Hi @GarrickLin, same for me. Even I have tried hg_s8_b1
architecture by running the provided hg_s8_b1.sh
file. (It is available in drive files.)
Is there any substantial change after your experiments @bearpaw?
Here are the results so far:
Epoch: 2 | LR: 0.00050000
Processing |################################| (1854/1854) Data: 0.000218s | Batch: 0.484s | Total: 0:17:43 | ETA: 0:00:01 | Loss: 0.0061 | Acc: 0.0001
Processing |################################| (247/247) Data: 0.000111s | Batch: 0.384s | Total: 0:01:34 | ETA: 0:00:01 | Loss: 0.0065 | Acc: 0.0012
Epoch: 3 | LR: 0.00050000
Processing |################################| (1854/1854) Data: 0.000162s | Batch: 0.393s | Total: 0:17:18 | ETA: 0:00:01 | Loss: 0.0056 | Acc: 0.0007
Processing |################################| (247/247) Data: 0.000095s | Batch: 0.380s | Total: 0:01:33 | ETA: 0:00:01 | Loss: 0.0250 | Acc: 0.0004
Epoch: 4 | LR: 0.00050000
Processing |################################| (1854/1854) Data: 0.000209s | Batch: 0.858s | Total: 0:17:30 | ETA: 0:00:01 | Loss: 0.0049 | Acc: 0.0015
Processing |################################| (247/247) Data: 0.000110s | Batch: 0.379s | Total: 0:01:33 | ETA: 0:00:01 | Loss: 0.7430 | Acc: 0.0000
Epoch: 5 | LR: 0.00050000
Processing |################################| (1854/1854) Data: 0.000161s | Batch: 0.402s | Total: 0:17:45 | ETA: 0:00:01 | Loss: 0.0044 | Acc: 0.0033
Processing |################################| (247/247) Data: 0.000104s | Batch: 0.396s | Total: 0:01:37 | ETA: 0:00:01 | Loss: 3.5382 | Acc: 0.0000
Epoch: 6 | LR: 0.00050000
Processing |################################| (1854/1854) Data: 0.000187s | Batch: 0.442s | Total: 0:17:53 | ETA: 0:00:01 | Loss: 0.0043 | Acc: 0.0064
Processing |################################| (247/247) Data: 0.000093s | Batch: 0.393s | Total: 0:01:37 | ETA: 0:00:01 | Loss: 20.5096 | Acc: 0.0000
@mkocabas try to reduce the learnong rate, which works for me
Which value did you use? 2.5e-4? Did you remain optimizer as RMSProp?

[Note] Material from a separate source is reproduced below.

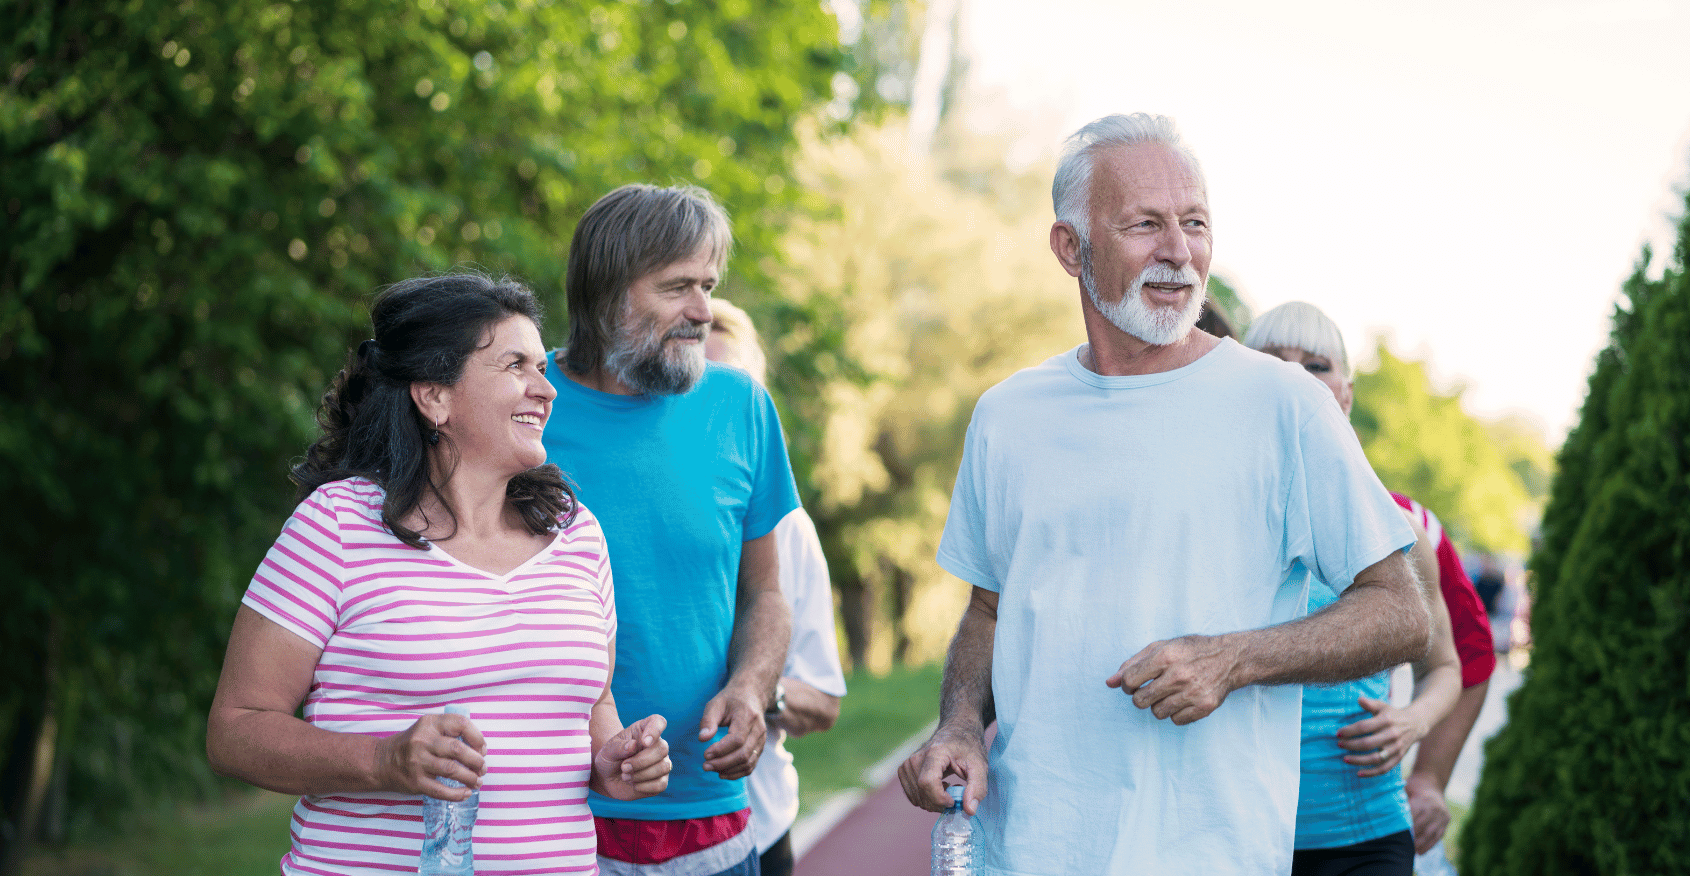 A group of older adults smiling while on a jogging path.

I didn't change the default optimizer, but it might be the problem. It works after reducing the init learning rate to a smaller one (not remember very well), you can have a try.
Thanks!
Sorry for the confusing, for batch size 6, you should use lr 2.5-e4. You can use larger lr for larger batch size.